It’s been a glorious week in London. The sun has been (often) shining and the temperature has gotten well up there into seriously summer wardrobe levels.  Ahhh……

I was talking about the weather with a friend, as you do, and I said, “I love this Indian summer, although I suppose we shouldn’t call it that anymore.”
    “Why not?” he asked.
    “I suppose it should be ‘Native American’ summer these days, right?” I asked, surprisingly seriously.
    But his response was truly surprising. “But it’s not about those kinds of  Indians. Surely, it must have to do with an unusually warm stretch of weather that you might find in the India of the subcontinent.”
    Well, there is one nice little example of cultural imperialism for you. Having been raised in the US, I assumed the expression originated with us. My friend, a born and bred Englishman, assumed it came from Britain.

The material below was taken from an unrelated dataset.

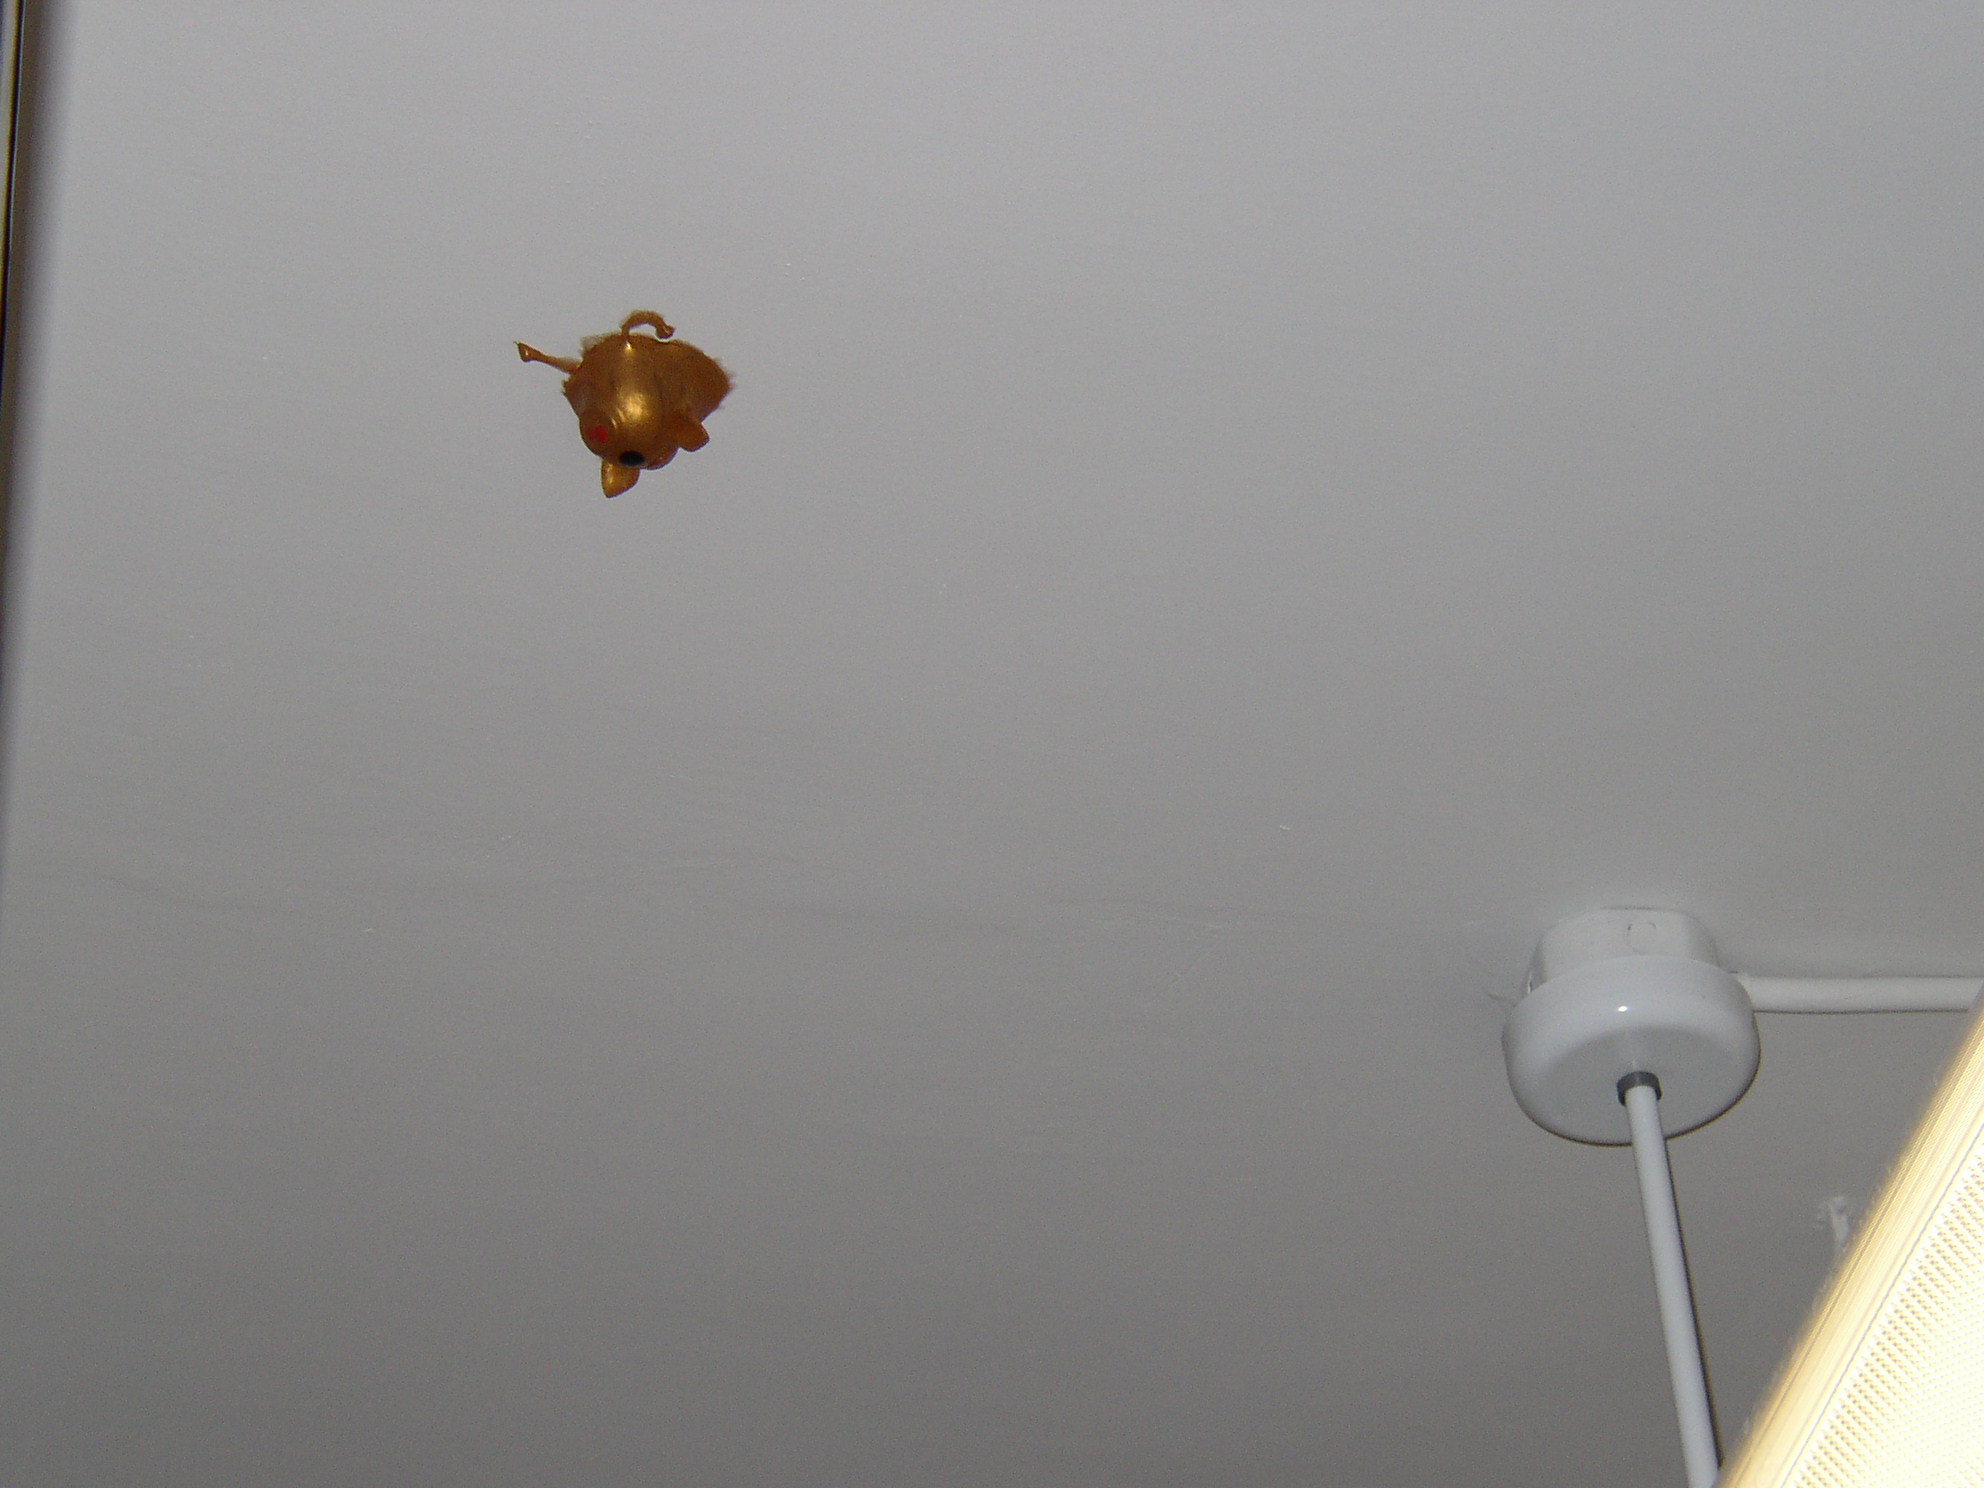 A gold squishy pig on the ceiling.

And so, Ladies and Gentlemen, for all you who were wondering where the expression really does come from, I give you the definition as found on the site, The Phrase Finder:


The term Indian summer reached England in the 19th century, during the heyday of the British Raj in India. This led to the mistaken belief that the term referred to the Indian subcontinent. In fact, the Indians in question were the Native Americans, and the term began use there in the late 18th century.Indian summer is first recorded in Letters From an American Farmer, a 1778 work by the French-American soldier turned farmer J. H. St. John de Crèvecoeur (a.k.a. Michel-Guillaume-Jean de Crèvecoeur):
“Then a severe frost succeeds which prepares it to receive the voluminous coat of snow which is soon to follow; though it is often preceded by a short interval of smoke and mildness, called the Indian Summer.”
The English already had names for the phenomenon – St. Luke’s Summer, St. Martin’s Summer or All-Hallown Summer, but these have now all but disappeared and, like the rest of the world, the term Indian summer has been used in the UK for at least a century. Why Indian? Well, no one knows but, as is commonplace when no one knows, many people have guessed. Here are a few of the more commonly repeated guesses:
  • When European settlers first came across the phenomenon in America it became known as the Indian’s Summer.
  • The haziness of the Indian Summer weather was caused by prairie fires deliberately set by Native American tribes.
  • It was the period when First Nations/Native American peoples harvested their crops.
  • The phenomenon was more common in what were then North American Indian territories.
  • It relates to the marine shipping trade in the Indian Ocean (this is highly dubious as it is entirely remote from the early US citations).
  • It originated from raids on European settlements by Indian war parties, which usually ended in autumn.
  • In a parallel with other ‘Indian’ terms it implied a belief in Indian falsity and untrustworthiness and that an Indian summer was an ersatz copy of the real thing.


So there it is, the real origin of the phrase Indian Summer. Plus, it was found on the internet, and as we all know, if it’s on the internet, it must be true.